That's the gap most nonprofit leaders run into. They hear that OFAC screening is important, then they get vague guidance that treats a church volunteer, a youth coach, an international aid contractor, and a wire transfer beneficiary as if they create the same risk. They don't.
For nonprofits, an OFAC background check is useful when your program touches sanctions risk in a real way. That usually means cross-border activity, international donors, overseas travel, foreign beneficiaries, payments, or roles with financial authority or sensitive access. If your volunteer program is entirely local and low-risk, OFAC may matter far less than your criminal screening process, reference checks, and safeguarding controls.
Table of Contents
- What Is an OFAC Background Check
- OFAC Checks vs Other Volunteer Screening
- When Nonprofits Actually Need an OFAC Check
- A Step-by-Step Workflow for OFAC Screening
- Handling Hits and Documenting Your Process
- Integrating OFAC Checks Into Your Workflow
- OFAC Check Frequently Asked Questions
- Do we need consent to run an OFAC check on a volunteer
- How often should we re-screen volunteers
- Is the SDN list the only thing that matters
- Does a possible match mean we should reject the volunteer
- Do all nonprofits have a legal duty to run OFAC checks on every volunteer
- What about entity screening for vendors or partner organizations
- Does insurance require OFAC screening
What Is an OFAC Background Check
Could one volunteer application create sanctions risk for your nonprofit, even if nothing looks unusual in a standard screening report?
An OFAC background check screens a person or organization against U.S. sanctions and restricted-party lists maintained by the Office of Foreign Assets Control, part of the U.S. Department of the Treasury. For nonprofits, the point is narrow and practical. The check helps prevent the organization from doing business with, sending funds to, or providing certain forms of support to a blocked or restricted party.
In plain terms, this is a sanctions screen. It is not a character assessment, and it is not a general safety screen.

How it differs from a criminal background check
A criminal background check looks for reportable court records. An OFAC check looks for possible matches to sanctioned individuals, entities, vessels, or other blocked parties.
That distinction matters for nonprofit leaders because these checks answer different questions. A criminal screen helps evaluate role-related safety and suitability. An OFAC screen helps address sanctions exposure. One does not replace the other, and a clean result on one says little about the other.
A possible OFAC hit also does not mean the person committed a crime. It means the name needs review before your team moves ahead.
If your staff needs a quick refresher on screening categories, this guide to what shows on background checks explains what criminal screening reports usually contain and what they do not.

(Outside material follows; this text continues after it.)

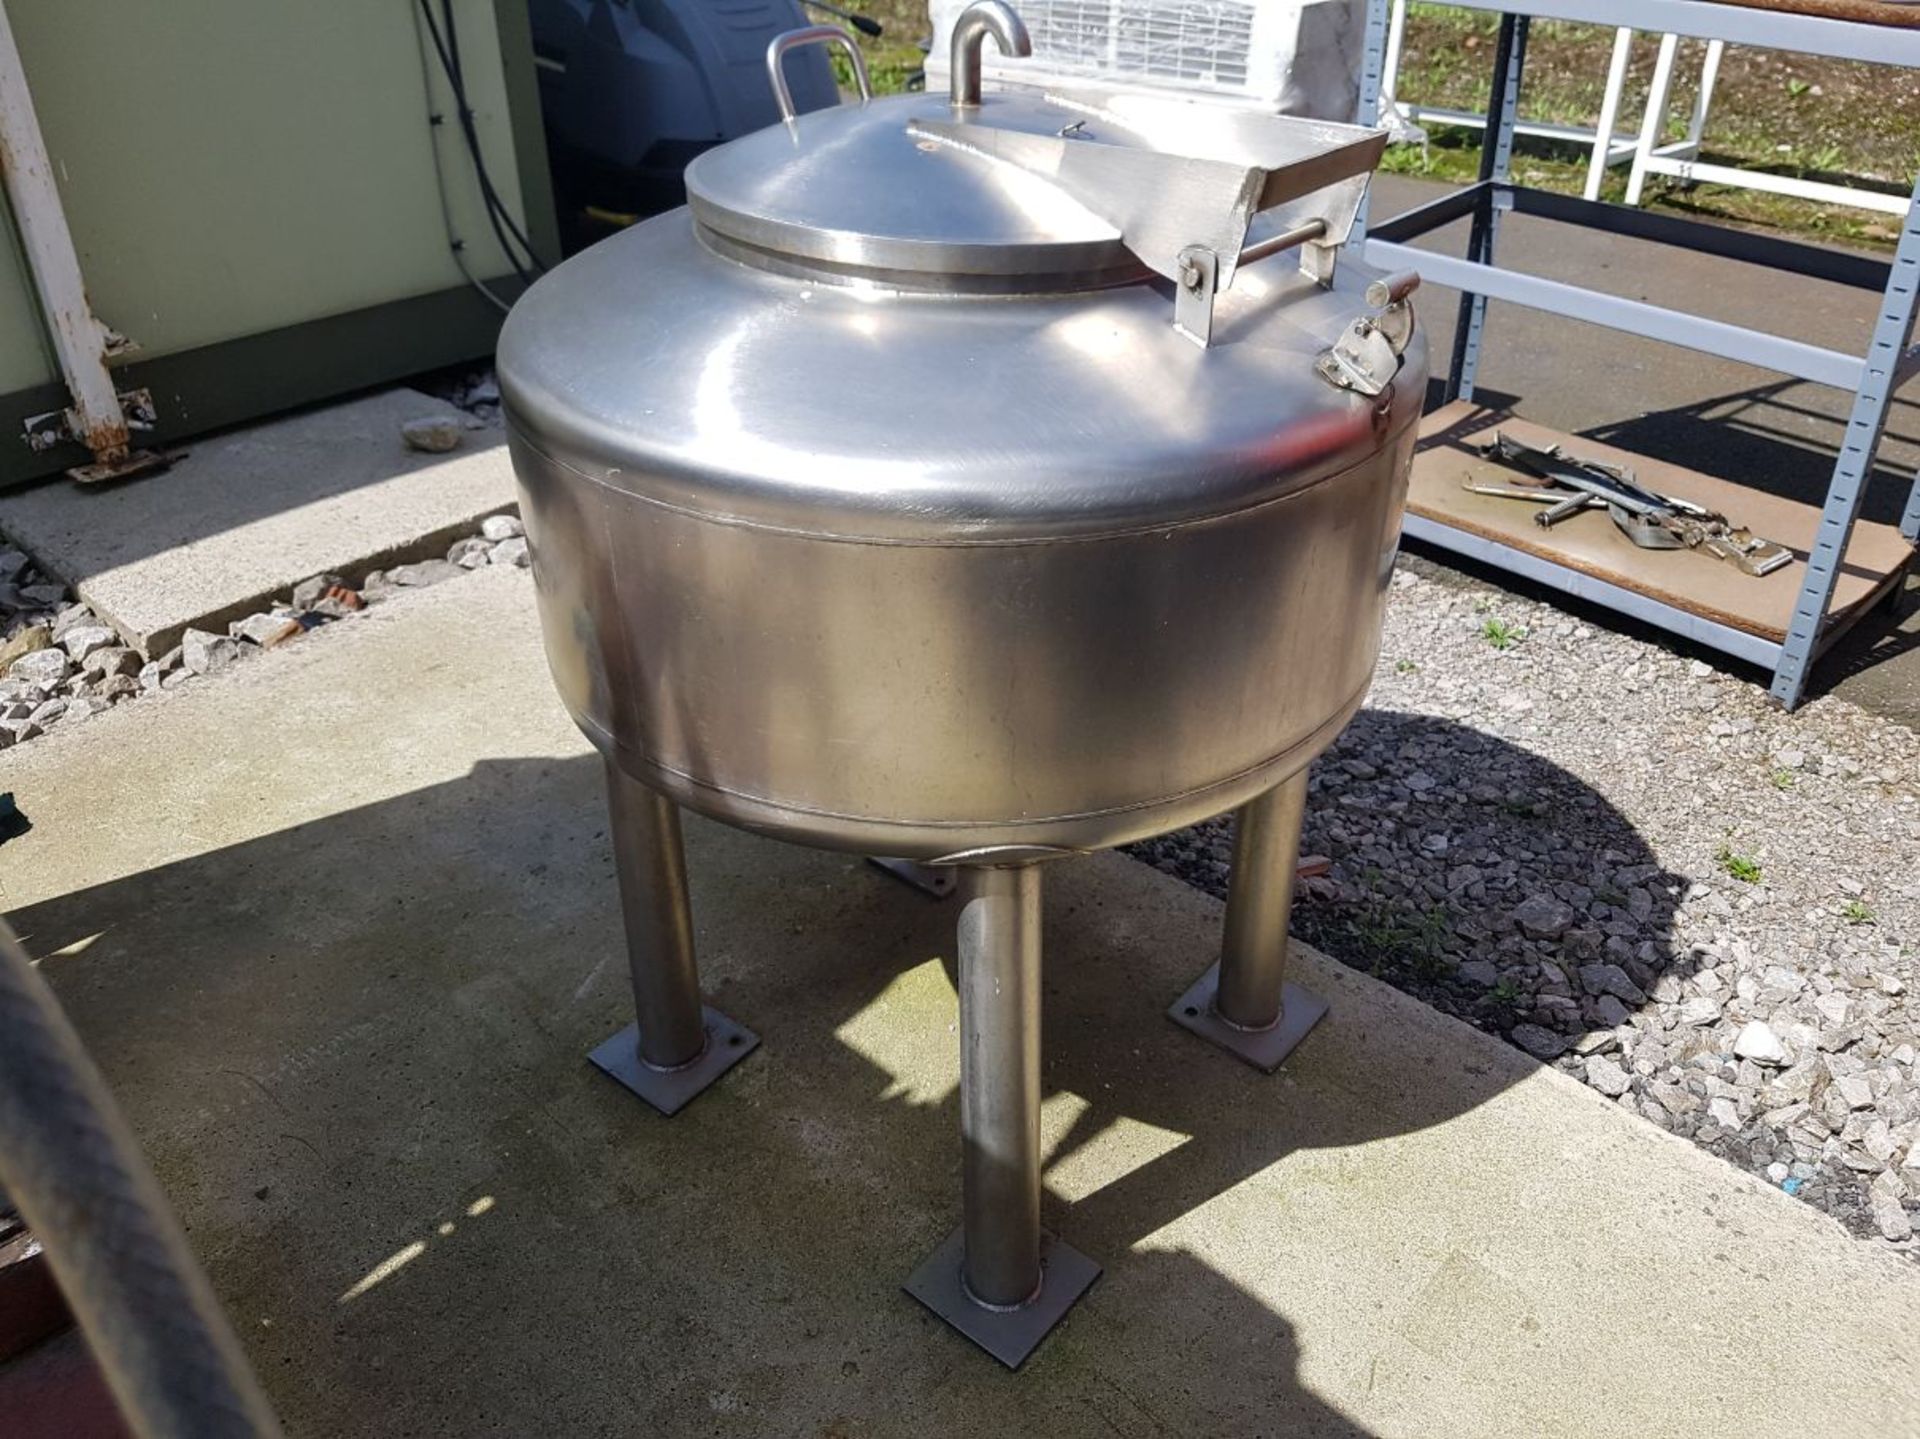 Stainless steel filtration vessel - Image 6 of 6

Why name matches require review
OFAC screening tools are built to catch possible matches, including close variations in spelling and formatting. The U.S. Treasury's OFAC Sanctions List Search tool guidance reflects that reality. Searches may return similar names, aliases, and partial matches because the goal is to identify names that deserve a closer look.

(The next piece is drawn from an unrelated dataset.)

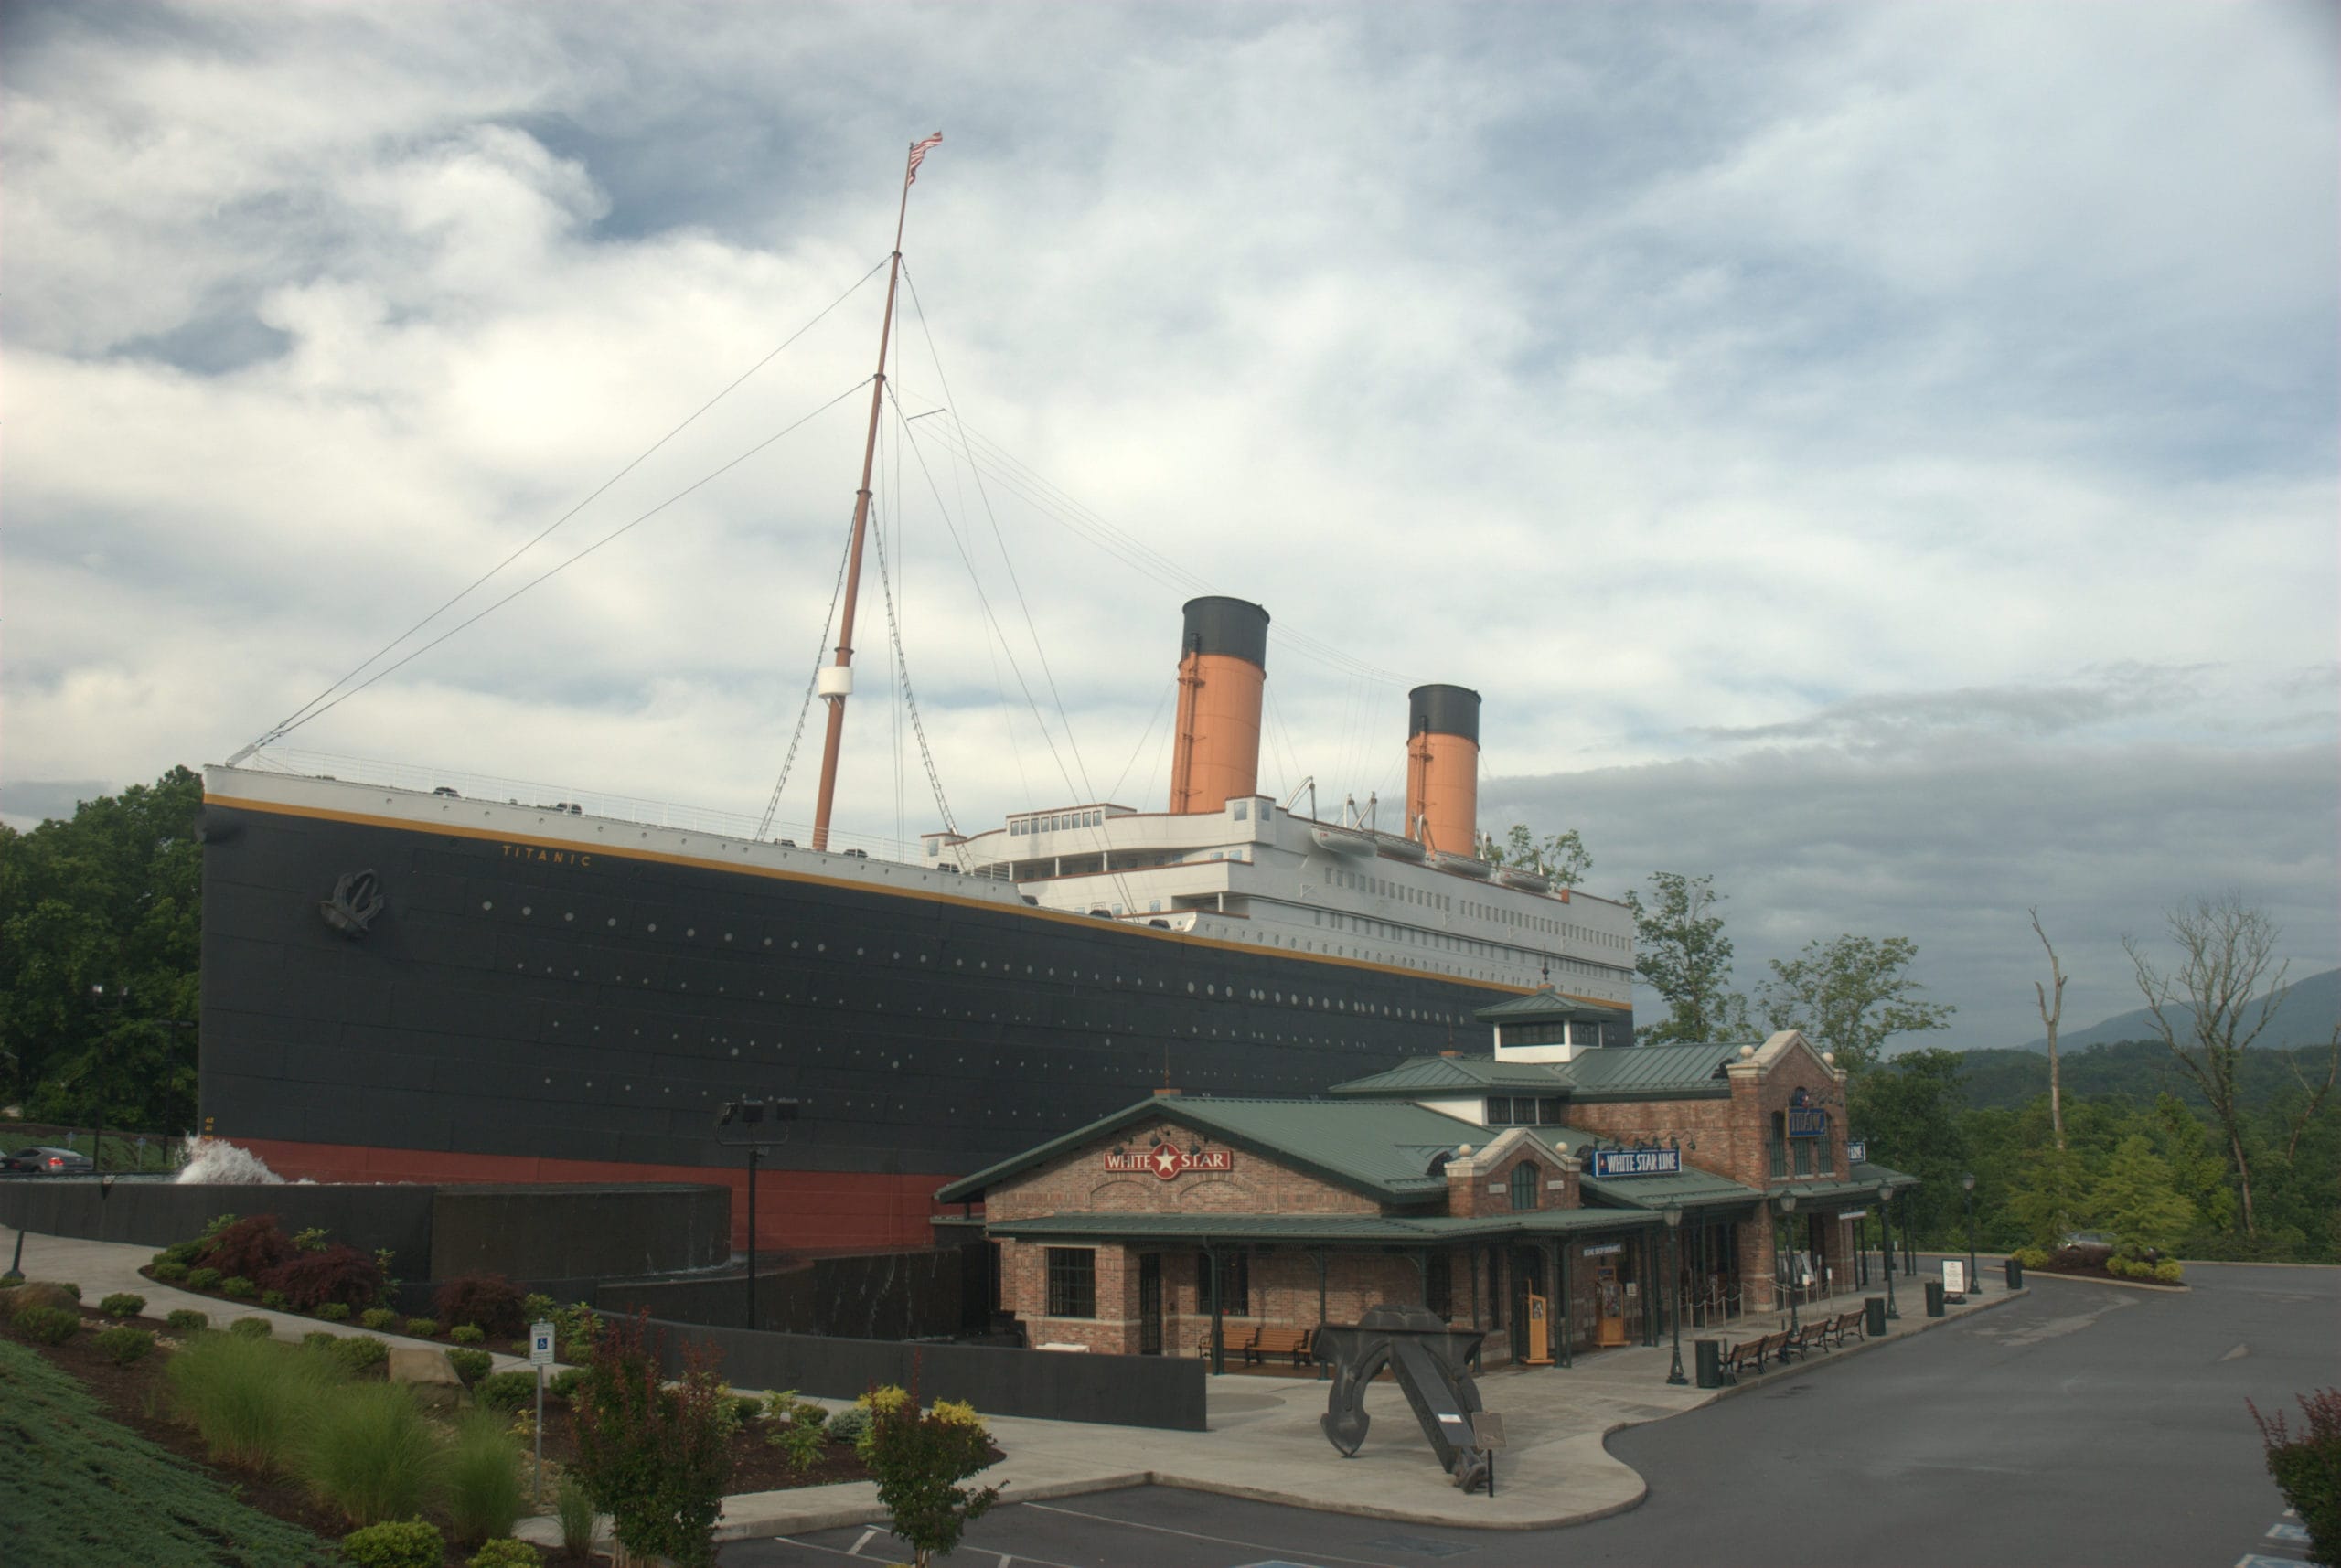 Pigeon Forge, Tenn., located just outside the Great Smoky Mountain National Park, has attractions like the Titanic, which are fun for the whole family.

For nonprofits, process holds significant importance. Many volunteer programs work with incomplete applications, nickname usage, and names transliterated from other languages. That increases the chance of false positives. A match on name alone is not enough to make a final call. You need to compare other identifiers, such as date of birth, address, country, passport data, or organizational details if you have them.

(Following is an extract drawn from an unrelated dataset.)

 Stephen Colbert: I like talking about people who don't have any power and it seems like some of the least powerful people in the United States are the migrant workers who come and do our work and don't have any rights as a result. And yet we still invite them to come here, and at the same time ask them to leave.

Practical rule: Treat an OFAC result as a screening flag that requires review, not as proof that the applicant is sanctioned.
What this means in a nonprofit setting
Nonprofits tend to overuse or misunderstand OFAC checks in one of two ways. Some skip them even when they handle international payments, cross-border aid, or finance-related volunteer roles. Others run them on every volunteer in every program, even when the legal risk is remote and the process only slows onboarding.
The better approach is to use OFAC screening for the risk it addresses. Sanctions compliance. Nothing more.
Used well, an OFAC check gives your organization a defensible way to identify restricted-party concerns and document that you reviewed them. Used poorly, it creates avoidable noise and makes volunteers feel like they are being screened for criminal conduct when your team is only checking sanctions risk.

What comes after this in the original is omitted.